Upgrade to BUY and raised TP to HK$ 32.82, based on 41x FY21E P/E, ~2 s.d. above 5 years avg. of 28x (from 25x FY21E P/E). We believe Prada’s impressive turnaround in Jun - Jul 2020 is the result of series of successful reforms and should deserve a re-rating. Therefore, its valuation at 35x FY21E P/E, at ~1 s.d. above 5 years avg. of 28x, in our view, is still attractive (vs peers’ average of 29x).
- 1H20 results slightly missed. 1H20 sales fell by 40% YoY to EUR 0.94bn, below BBG est. by 7%, and net losses of EUR 180mn was recorded, also below BBG est. of EUR 129mn. This miss, in our view, was mainly due to lower-than-expected GP margin at 70.4%, where a drag of ~3.3pt came from high industrial fixed costs in the supply chain during pandemic.

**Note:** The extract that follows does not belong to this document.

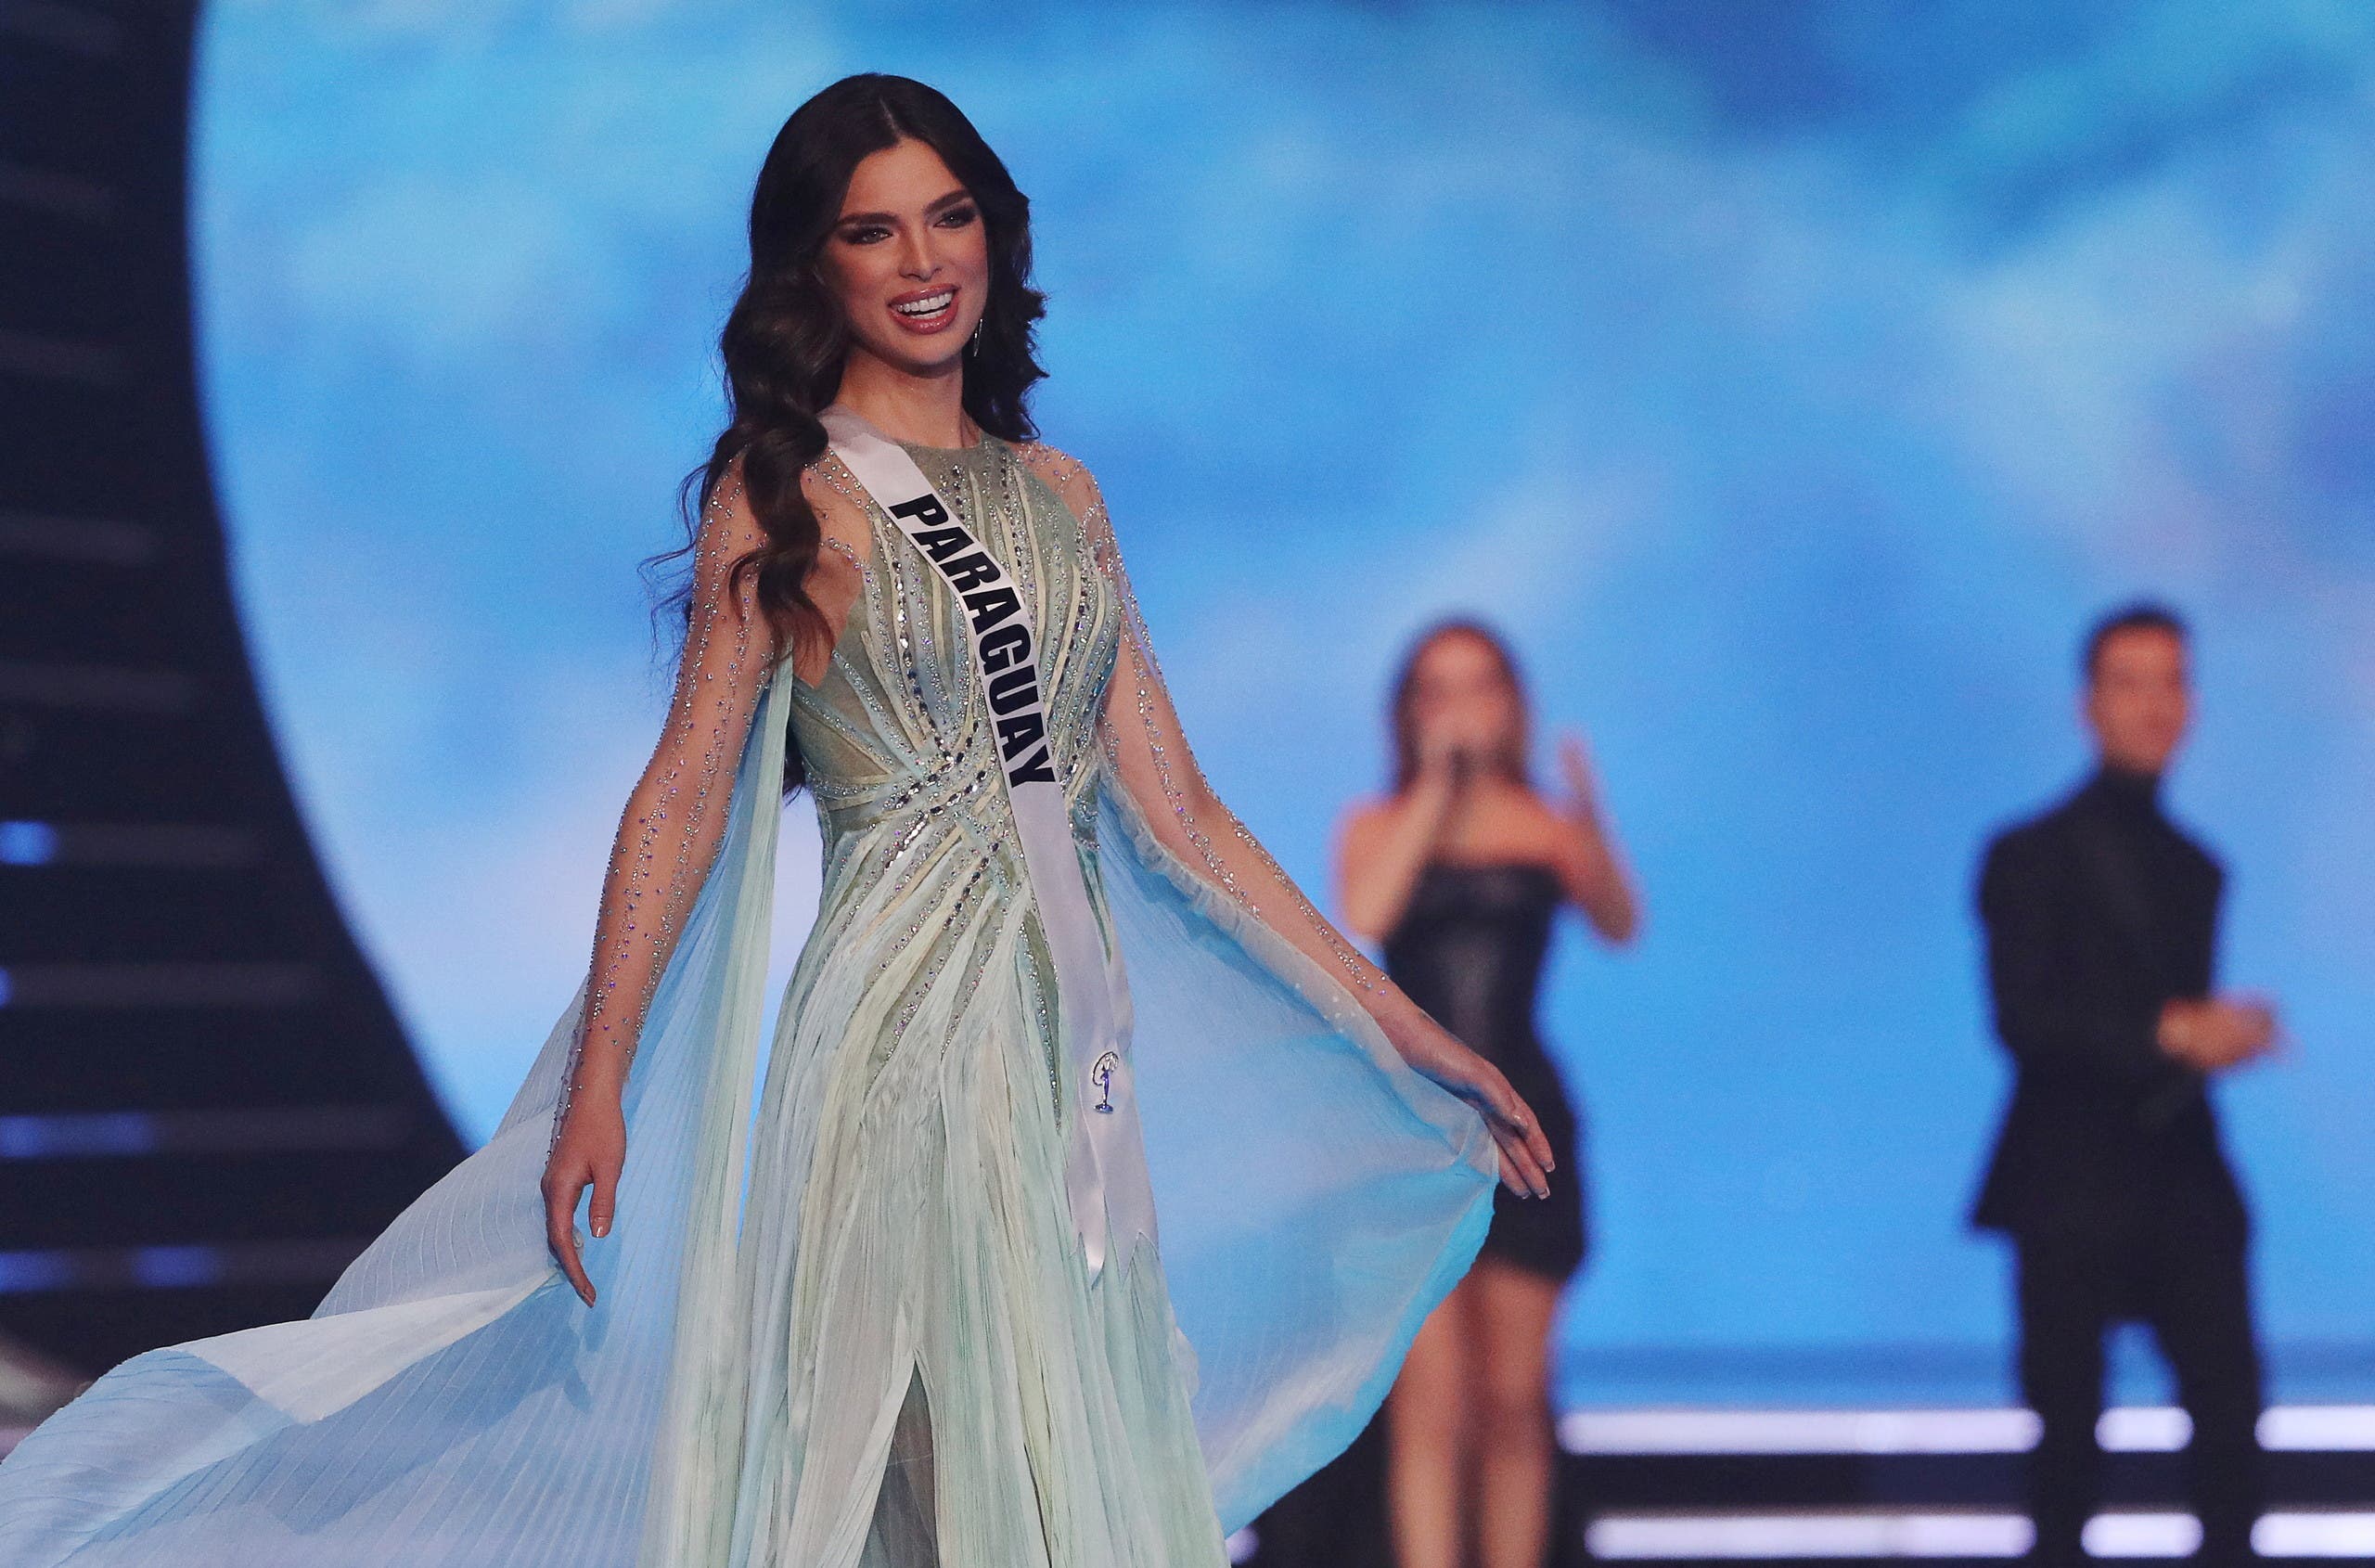   Miss Paraguay Nadia Ferrara

- However, 2Q20 recovery was impressive and happened not only in mainland China. Prada’s momentum was strong since 2H19, with high-teens retail sales growth in Jan 2020, indicating gains in brand traction following successful product launches and marketing campaign. Therefore, even with COVID-19 disruption, we are not surprised to see a strong comeback from them. In fact, retail sales growth already returned to single digit decline in Jul 2020 vs ~20% drop in Jun 2020, despite ~30 stores are yet to re-open, lack of tourists flow and various travel restrictions. Note that momentum in Jul was not only superb in mainland China (~66% jump), but also in Asia Pacific (~20% growth) and Middle East (strong double digit), while US (slight negative), Japan (low double digit negative) and EU (double digit negative) are also recovering meaningfully from 2Q20. More importantly, the group already went back into profit in Jun and Jul 2020.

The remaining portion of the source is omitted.